En: http://confirmado.com.ve/opinan/liberales-y-liberales/
Mario Vargas Llosa
En el liberalismo no hay verdades reveladas. Hay ciertas ideas básicas
que lo definen —la libertad como valor supremo en todos los campos—,
pero no fórmulas rígidas para ponerlas en práctica
Como
los seres humanos, las palabras cambian de contenido según el tiempo y
el lugar. Seguir sus transformaciones es instructivo, aunque, a veces,
como ocurre con el vocablo “liberal”, semejante averiguación puede
extraviarnos en un laberinto de dudas.
En el Quijote y la
literatura de su época la palabra aparece varias veces. ¿Qué quiere
decir allí?

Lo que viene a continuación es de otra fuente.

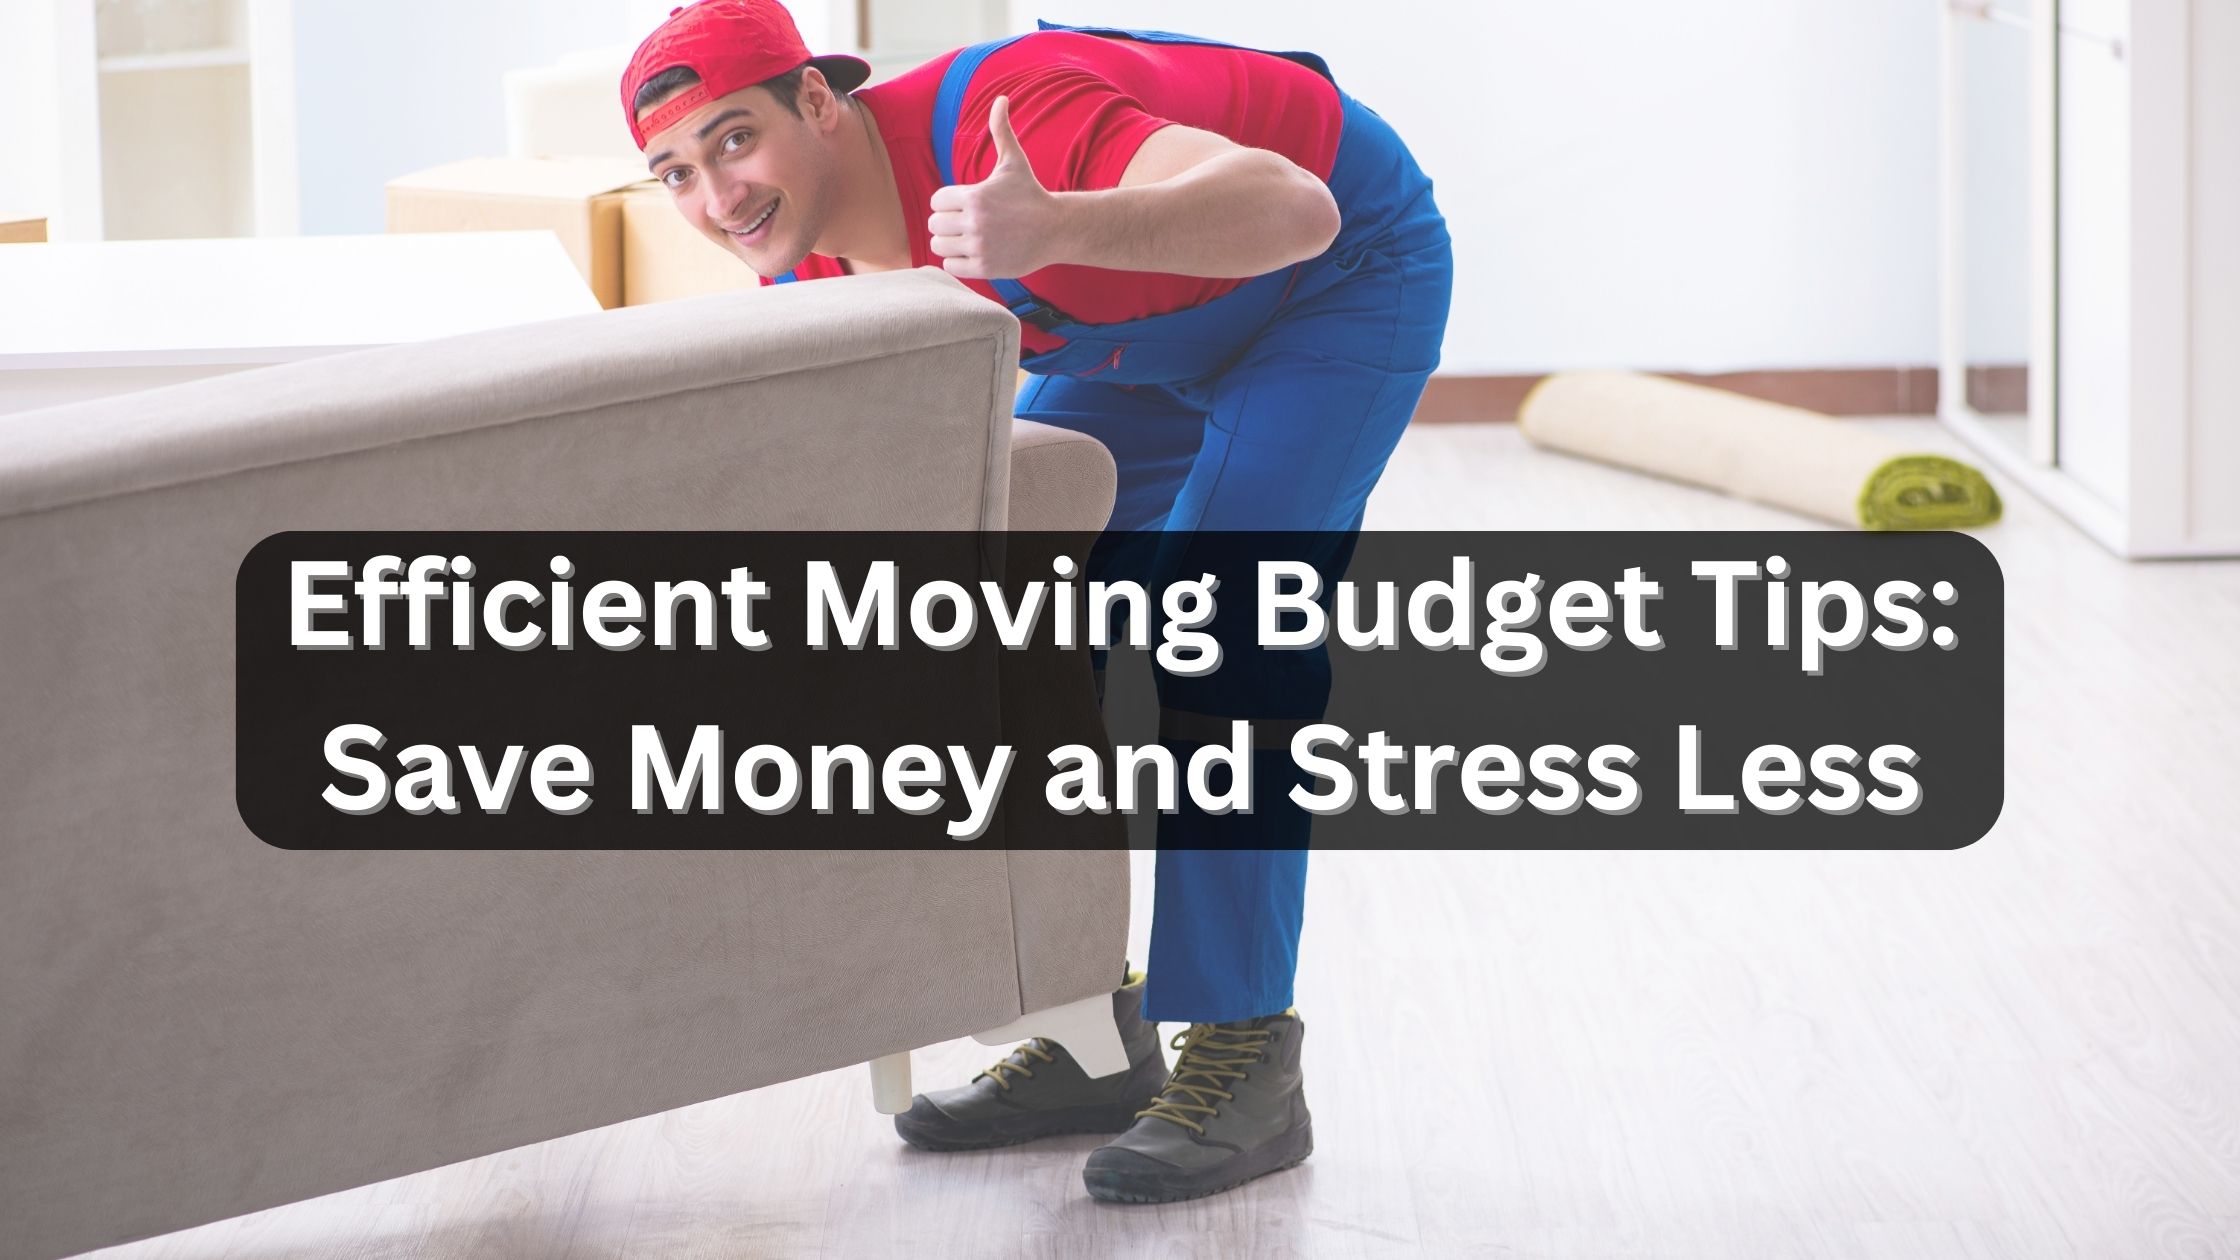 Efficient moving budget tips save money and stress less

Hombre de espíritu abierto, bien educado, tolerante,
comunicativo; en suma, una persona con la que se puede simpatizar. En
ella no hay connotaciones políticas ni religiosas, sólo éticas y cívicas
en el sentido más ancho de ambas palabras.
A fines del
siglo XVIII este vocablo cambia de naturaleza y adquiere matices que
tienen que ver con las ideas sobre la libertad y el mercado de los
pensadores británicos y franceses de la Ilustración (Stuart Mill, Locke,
Hume, Adam Smith, Voltaire). Los liberales combaten la esclavitud y el
intervencionismo del Estado, defienden la propiedad privada, el comercio
libre, la competencia, el individualismo y se declaran enemigos de los
dogmas y el absolutismo.
En el siglo XIX un liberal es
sobre todo un librepensador: defiende el Estado laico, quiere separar la
Iglesia del Estado, emancipar a la sociedad del oscurantismo religioso.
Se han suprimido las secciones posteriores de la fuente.